On July 23 and 27, 2009, Cook filed two more motions for sanctions for violations of the automatic stay issued by the bankruptcy court: one against Wells Fargo for, among other things, seeking summary judgment and for filing a motion to strike his counterclaim defenses; and one against the Garretts for “aiding and abetting Wells Fargo Bank’s violations of the Automatic Stay” and continuing to pursue the state-court litigation. The bankruptcy court identified three grounds on which the motions failed. First, the court concluded that Cook lacked standing to pursue stay violations allegedly perpetrated against the bankruptcy estate. Second, because the stay had been annulled, the court reasoned that there could not have been any stay violations. Additionally, the court observed that Wells Fargo’s summary judgment motion would not have violated the stay because it was “directed at non-debtors,” and “at a claim brought by the Debtors.” Third, the court determined that the sanctions motions were barred by the Rooker-Feldman doctrine and collateral estoppel.

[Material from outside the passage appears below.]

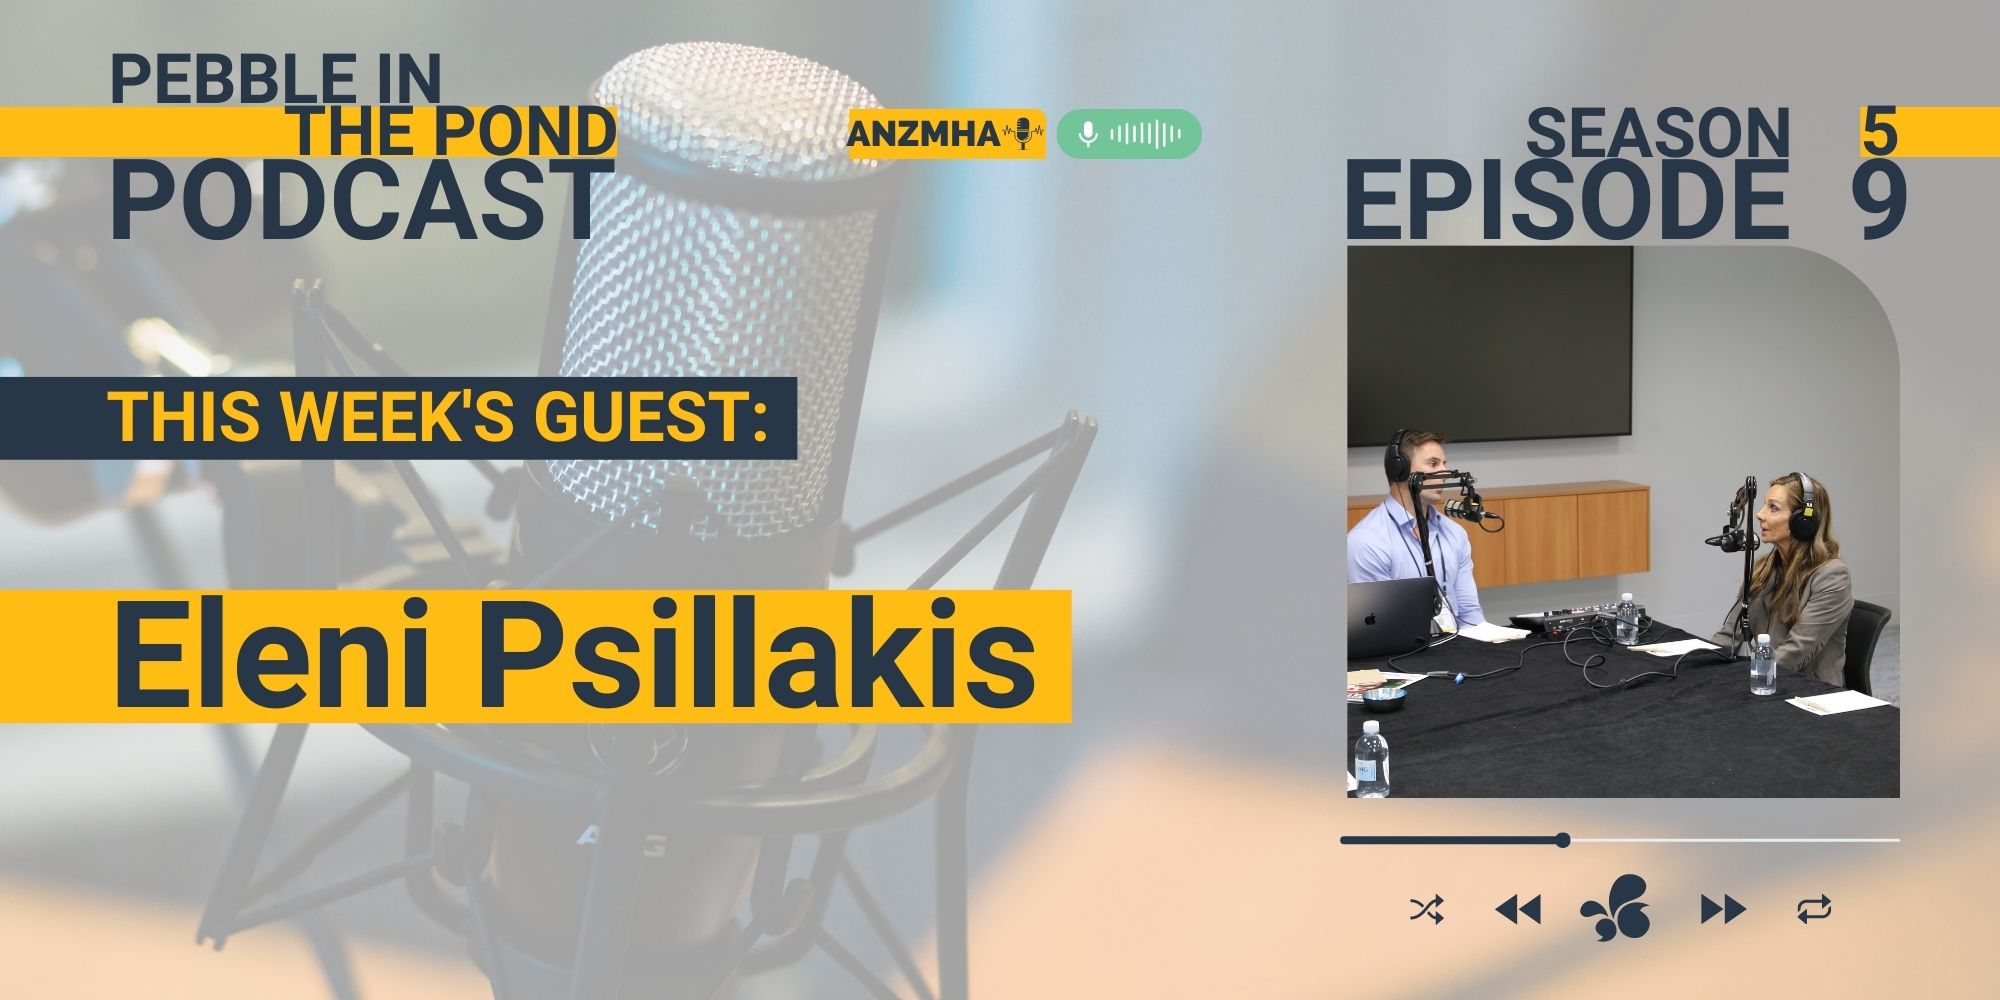 ANZMHA Podcast: Eleni Psillakis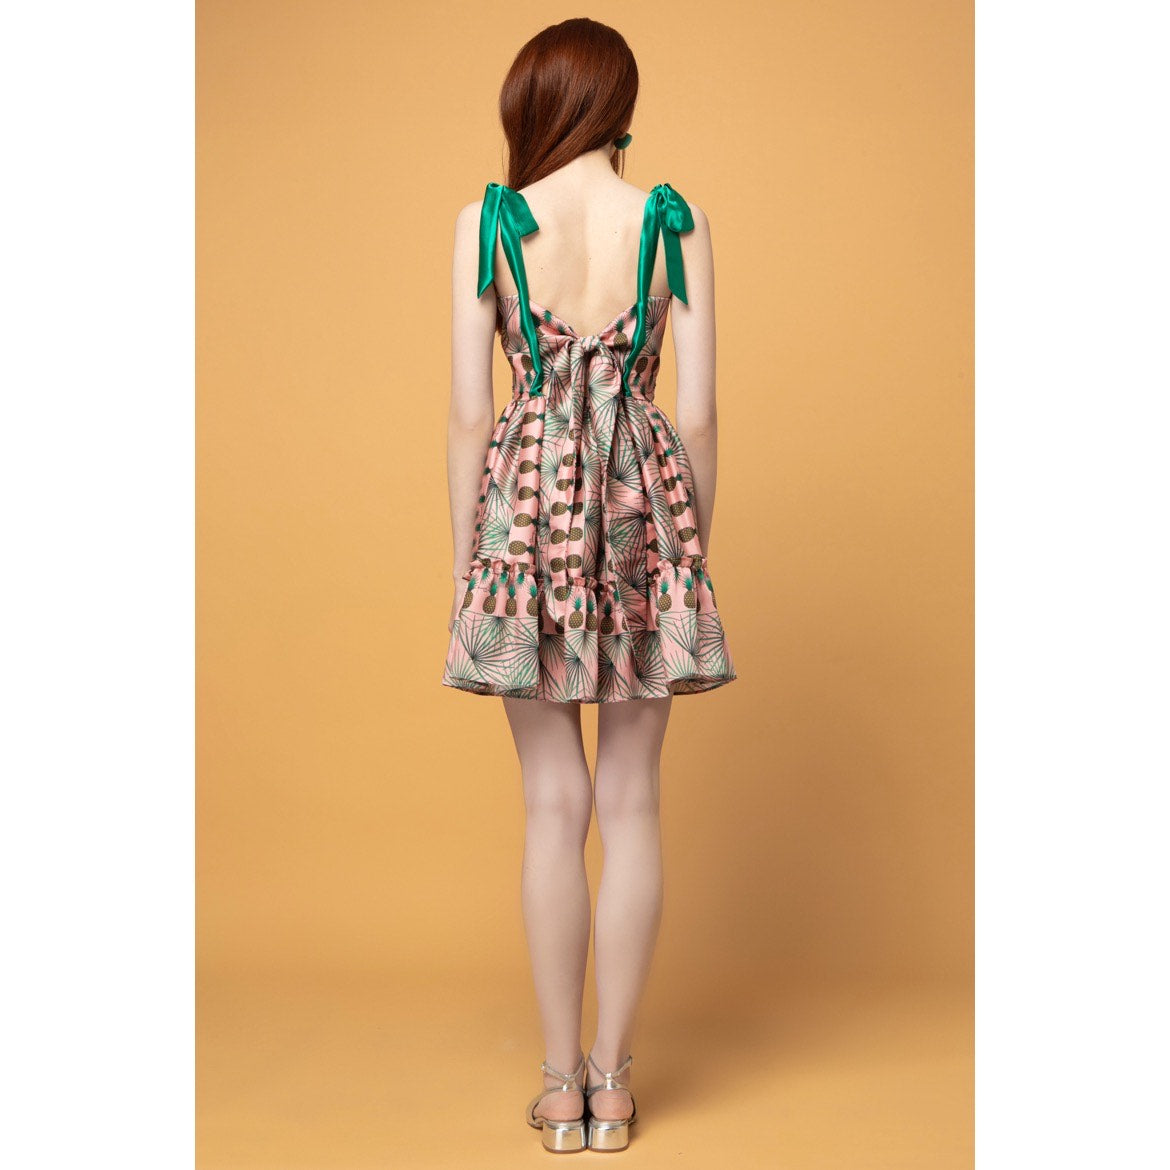 Tita Dress v.1.0 - Mini Silky Ruffle Printed Dress with Bow Tie Knots

Ten days later, Cook sought reconsideration of the bankruptcy court’s decision, which was denied. He then appealed the denial of reconsideration to the BAP. The BAP concluded that because “Cook lacked standing to bring the stay violations mo *701 tions and there was no new evidence the bankruptcy court failed to consider, the bankruptcy court did not abuse its discretion in” denying reconsideration. Cook unsuccessfully sought rehearing, then appealed to this court. 3

II

“Although this is an appeal from a BAP decision, we independently review the decision of the bankruptcy court, reviewing the court’s factual findings for clear error and its legal conclusions de novo.” Redmond v. Lentz & Clark, P.A. (In re Wagers), 514 F.3d 1021, 1022 (10th Cir.2007) (per cu-riam). Because Cook is proceeding pro se, we construe his arguments liberally, but we “do not assume the role of advocate.” Yang v. Archuleta, 525 F.3d 925, 927 n. 1 (10th Cir.2008) (quotations omitted). 4

Generally, this court reviews the denial of a motion to reconsider for abuse of discretion. See Barber ex rel. Barber v. Colo. Dep’t of Revenue, 562 F.3d 1222, 1228 (10th Cir.2009). But if the court construed the motion for reconsideration as a Rule 59(e) motion, an appeal from the denial of reconsideration “permits consideration of the merits of the underlying judgment.” Commonwealth Prop. Advocates, LLC v. Mort. Elec. Registration Sys., Inc., 680 F.3d 1194, 1200 (10th Cir.2011).

Cook challenges the bankruptcy court’s determination that he lacked standing to pursue the alleged stay violations. “To have standing under Article III, [Cook] must assert an injury that is (1) concrete, particularized, and actual or imminent, (2) fairly traceable to the ... challenged action, and (3) redressable by a favorable ruling.”